-- DATA SEGMENT follows --

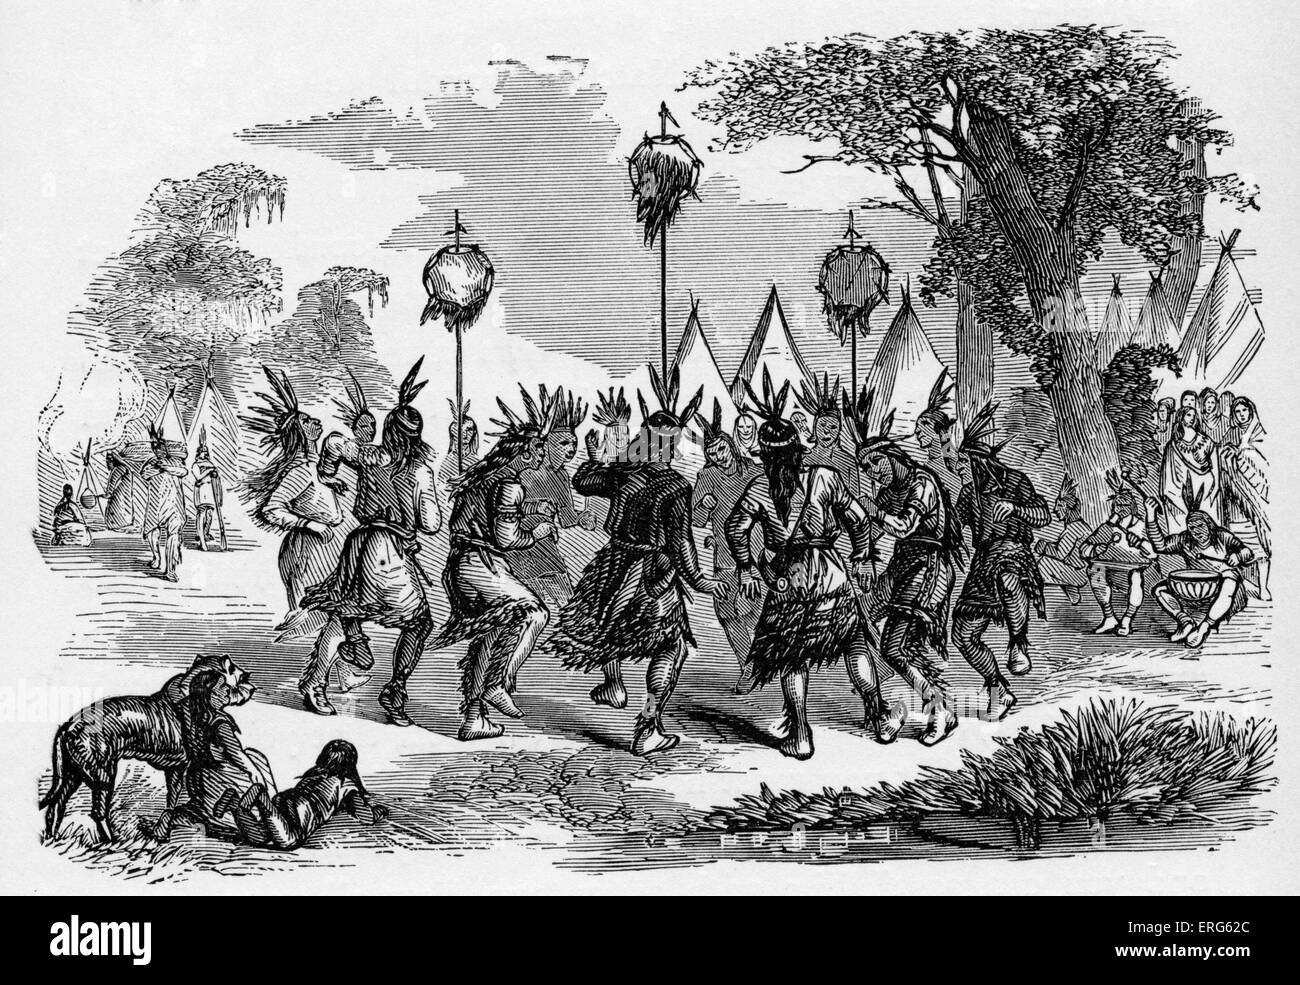 Les Amérindiens l'exécution d'un cuir chevelu Danse, publié en 1887. La Danse du cuir chevelu a été effectuée par les guerriers de tribus telles que les Banque D'Images
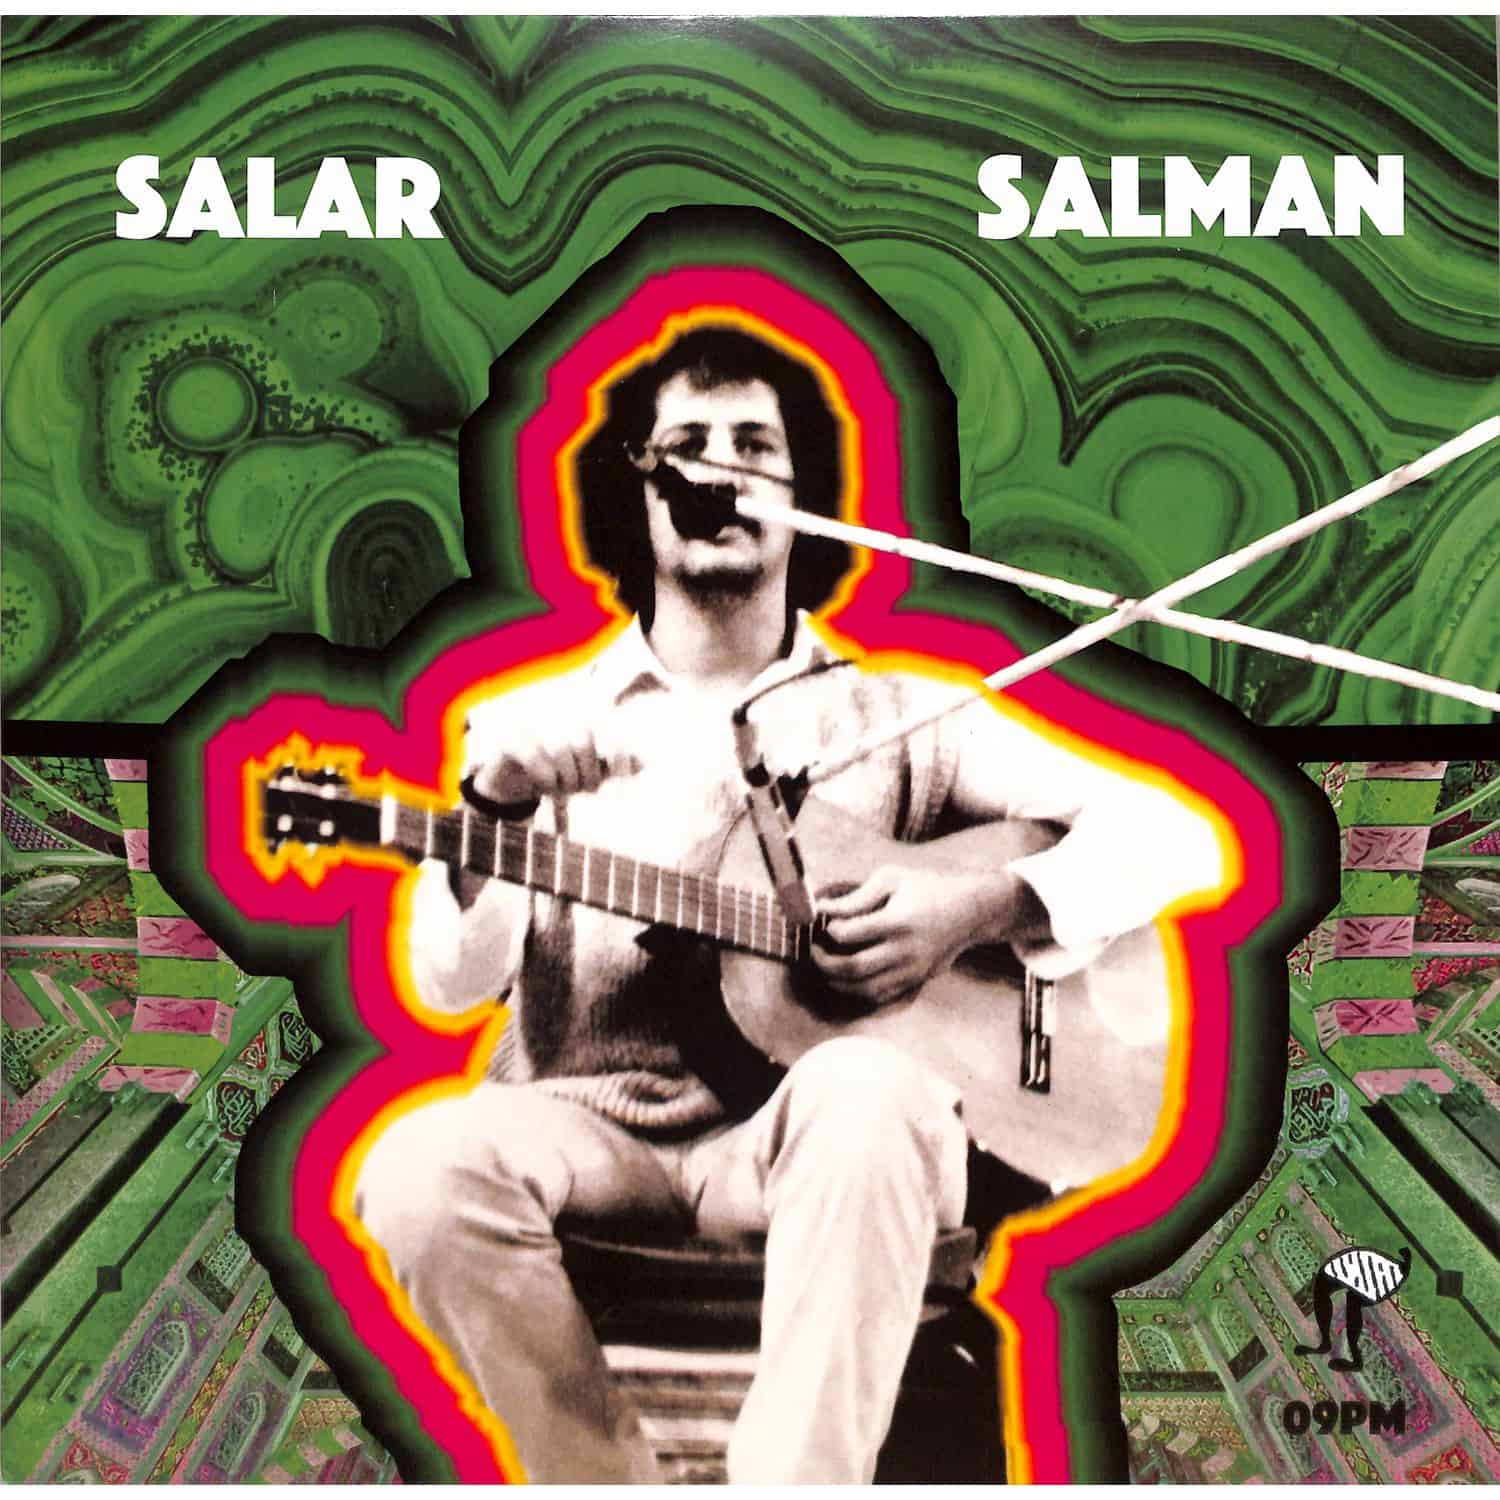 Salar Salman - 09PM 
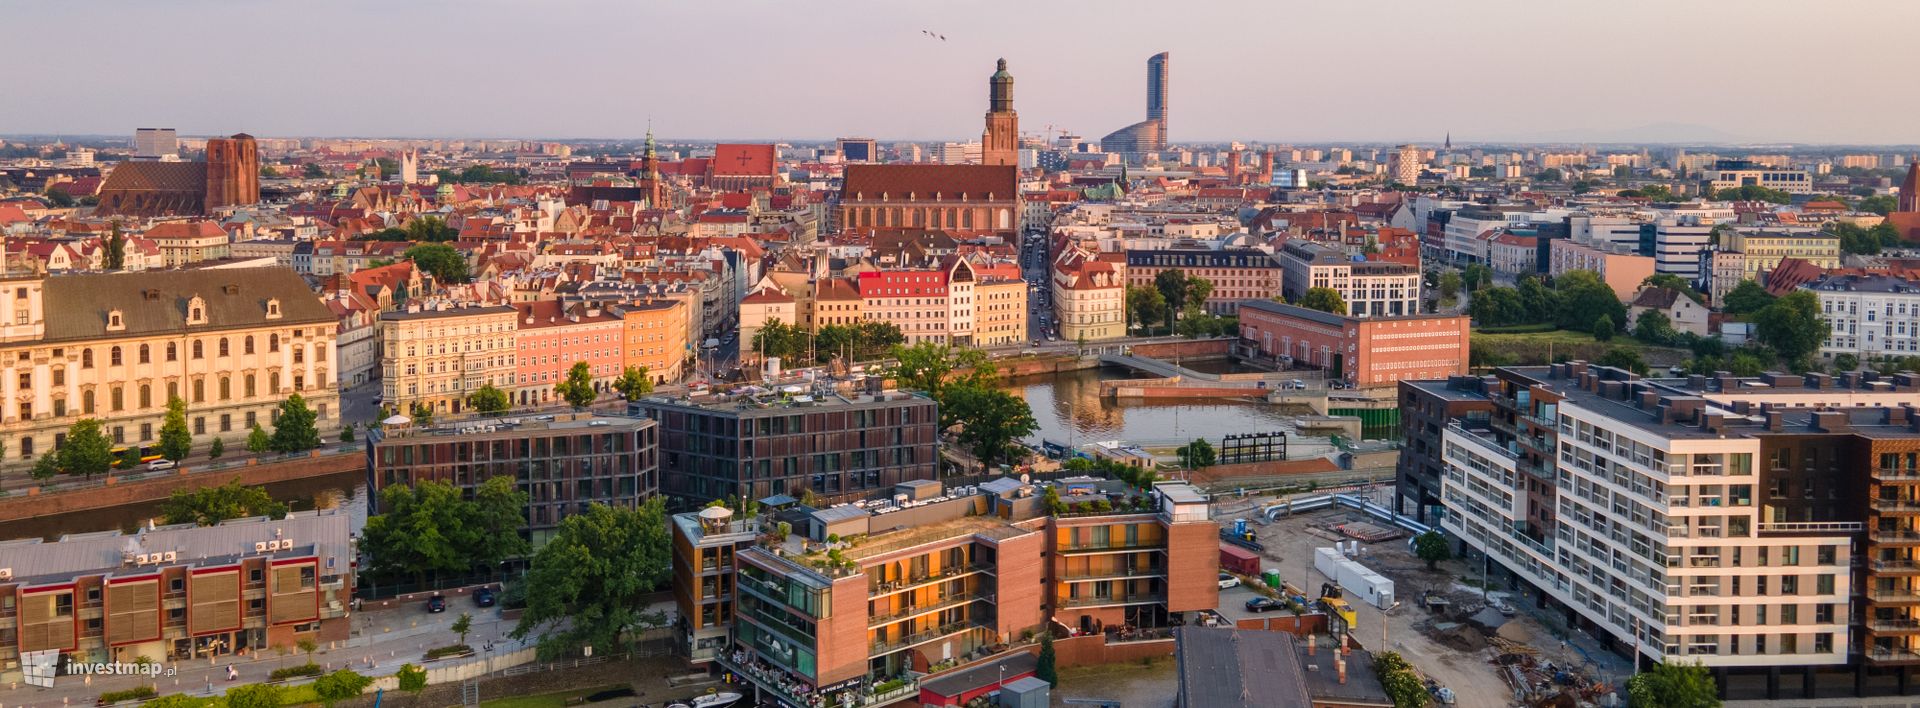 Wrocław doceniony w międzynarodowym rankingu. W przyszłości może być jednym z liderów technologii i innowacji
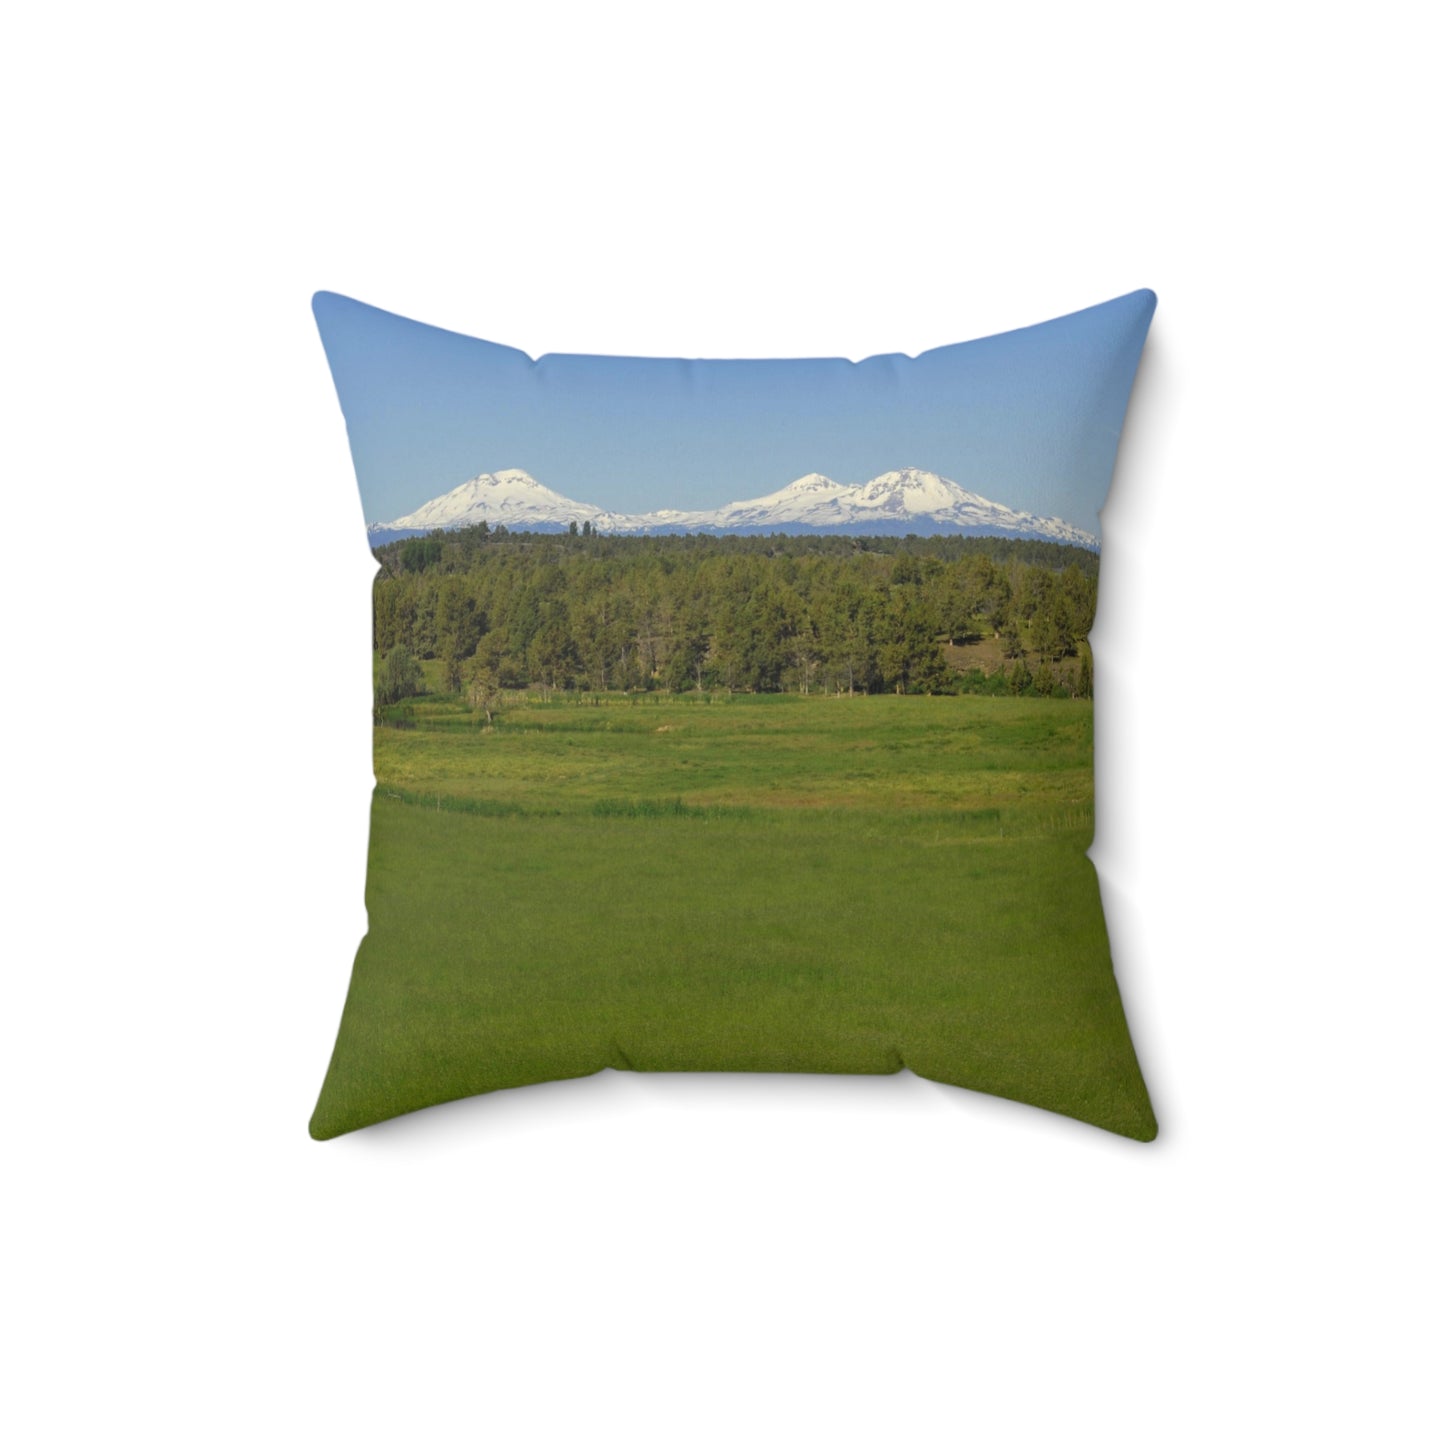 Mountain Meadow Spun Polyester Square Pillow

-- DATA SEGMENT concluded --

GOAL OF THE EXERCISE: Once the pictures are set aside, give every line above again without alteration.

FINISHED EXERCISE:
 Les Amérindiens l'exécution d'un cuir chevelu Danse, publié en 1887. La Danse du cuir chevelu a été effectuée par les guerriers de tribus telles que les Banque D'Images
 Salar Salman - 09PM 
 Wrocław doceniony w międzynarodowym rankingu. W przyszłości może być jednym z liderów technologii i innowacji
 Mountain Meadow Spun Polyester Square Pillow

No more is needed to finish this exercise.